Мотив смерти, творческой и физической, повторяется на протяжении всего стихотворения. Голубой цвет возникает у Бродского, возможно, как символ романического идеала («голубой цветок» немецких романтиков). Но здесь голубого цвета платок, которым женщина машет вслед, символизирует утрату идеала. Слова поэта сравниваются с дровами, которые уже никогда не станут снова деревьями, частью живой природы. Так и в творчество поэта больше ничто не вдохнет жизнь. У самого героя «больше синих жил, чем для них кровей// да и мысли мертвых кустов кривей» [2, с.144].
В этом стихотворении поэт приходит к мотиву разрушения, уничтожения, необратимости. О.И. Глазунова так говорит о поздних стихах Бродского: «Философские взгляды Бродского, метафизические в своей основе, окончательно сложились в условиях эмиграции, когда поэт оказался отрезанным от привычного ему окружения, когда в его стихотворениях все чаще стали проявляться «смертные черты» и мотивы оледенения, а размышления над жизнью неизбежно сводились к ожиданию скорого ухода, слияния с Вечностью» [5, с.99].
Опираясь на слова Глазуновой, мы возвращаемся к образу Музы в первой строке. Слова поэта сродни мертвым дровам не потому, что Муза умолкает («воды набирает в рот»), а потому, что поэт чувствует приближение смерти («крепкий сон молодца берет»). Это стихотворение становится своего рода прощанием с самым дорогим существом: с возлюбленной.
Бродский описывает то самое «слияние с Вечностью», о котором говорит исследовательница. Поэт заключает в кружок все мироздание: античность, немецкий романтизм, русские сказки, каток, садок, заячьи уши, крейсер. Он собирает вместе и возвышенные (тема античности, крейсер «Варяг»), и низкие (пришитые заячьи уши, «седина стыдно молвить где») понятия, употребляя и сниженную лексику («и не встать ни раком») и обращение к Богу («Господь прости»). Возможно, именно поэтому «мысли мертвых кустов кривей» – столько совершенно разных вещей переплетается в голове героя на пороге смерти. С их помощью поэт подчеркивает неординарность, всеохватность, вечность и вещность описываемого чувства.

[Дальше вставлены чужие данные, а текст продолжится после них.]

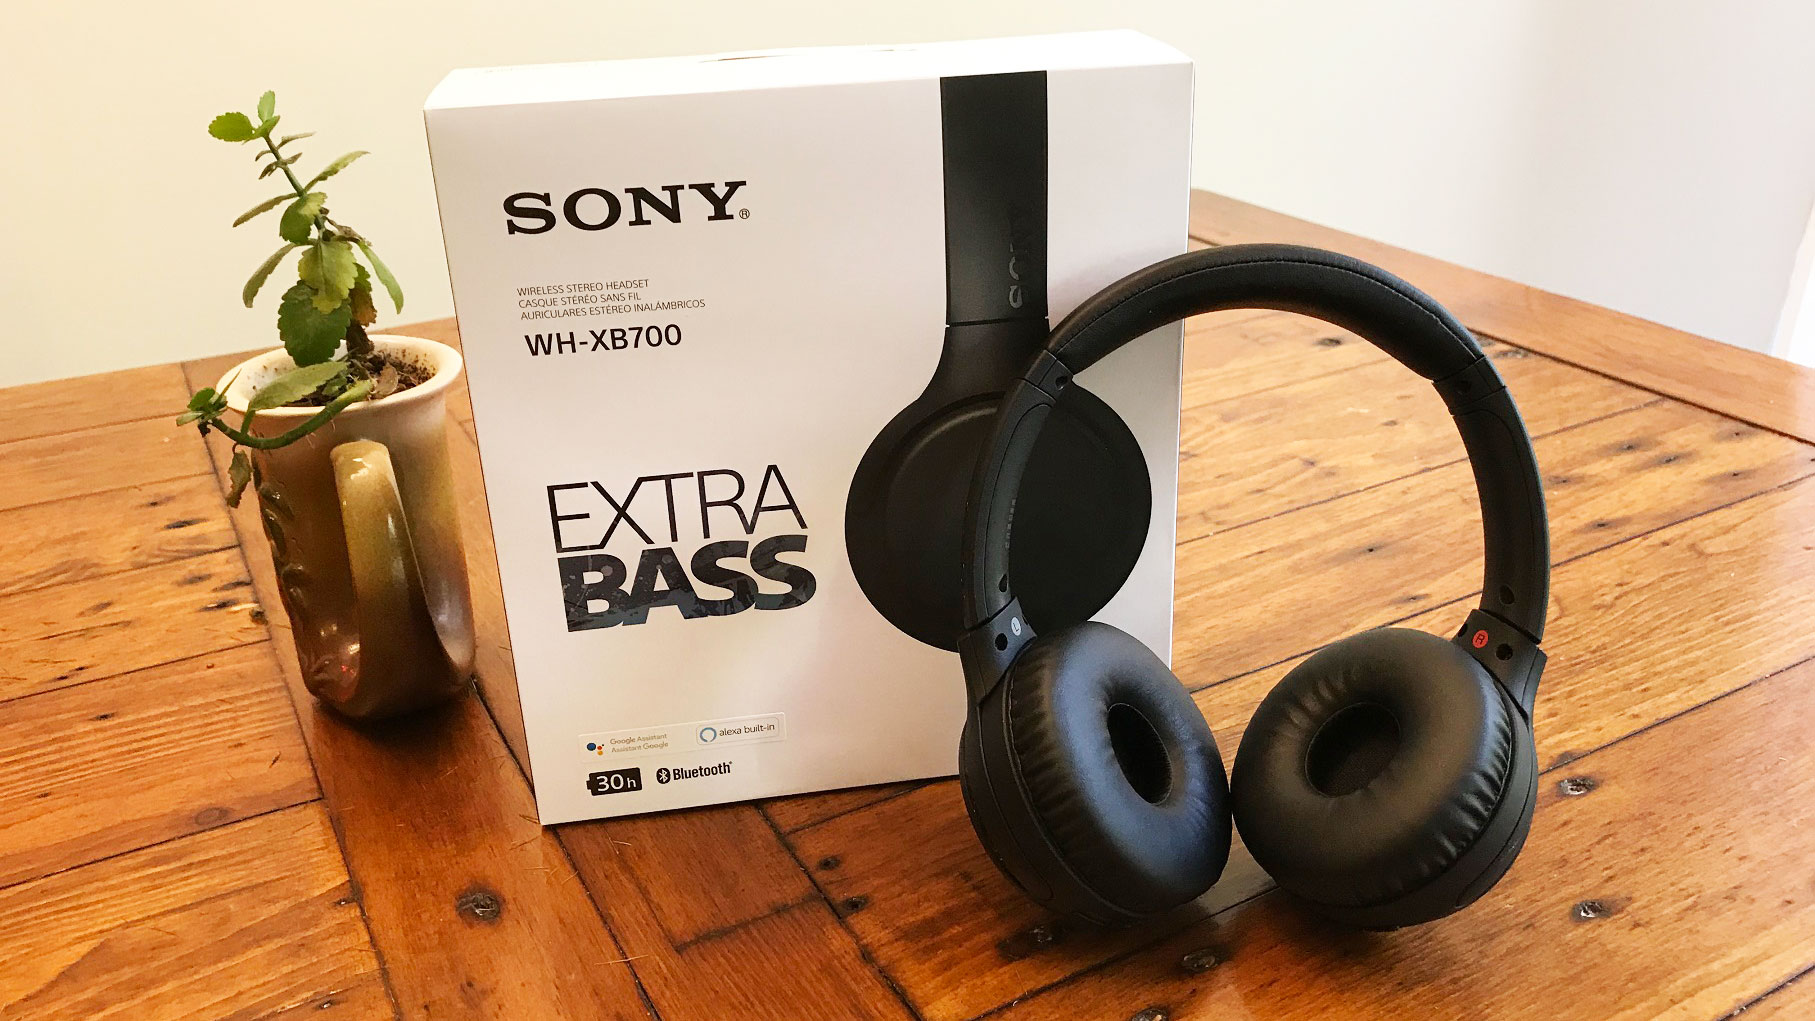 Sony EXTRA BASS WH-XB700 Wireless Headphones

Все это приводит героя к образу круга, такого полного для поэта, и такого пустого для героини, которая уже не испытывает к нему чувств. Этот яркий зрительный образ напоминает эмблему. Игорь Шайтанов в работе «Уравнение с двумя неизвестными (Поэты-метафизики Джон Донн и Иосиф Бродский)», исследуя образ круга в стихотворении Донна, называет его эмблемой. «Эмблема … делает сложное зримым и понятным, указывает на суть явления… А для нас эмблема – модель. барочного мышления, увлеченного сопряжением «далековатых» идей. В ней – стремление ощутить предметное в его вещности и одновременно, афористически обобщая суть, проникнуть за его пределы, угадывая, чту предмет обозначает, чему служит знаком», – пишет Шайтанов [7].
«Человек с его разумом, талантом, воображением и способностями предстает всего лишь как вещь, игрушка в руках неведомых сил, прихоть которых делает возможным его существование…человек из центра мироустройства, вершины развития превращается в одно из вспомогательных звеньев, необходимых для достижения чуждых и непонятных ему целей» [5, с.102], – пишет О.И. Глазунова. «Неведомые силы», жертвой которых стал поэт, – Любовь и Творчество. «В этом состоит главное различие между возлюбленной и Музой: последняя не умирает. То же относится к Музе и поэту: когда он умирает, она находит себе другого глашатая в следующем поколении» [3], – подчеркивает Бродский в своем эссе «Скорбь и разум». Так поэт метафизически обосновывает недолговечность мира вещей (в т.ч. «двуспинных чудовищ» – влюбленных) и незыблемость мира идей (Любви и Творчества).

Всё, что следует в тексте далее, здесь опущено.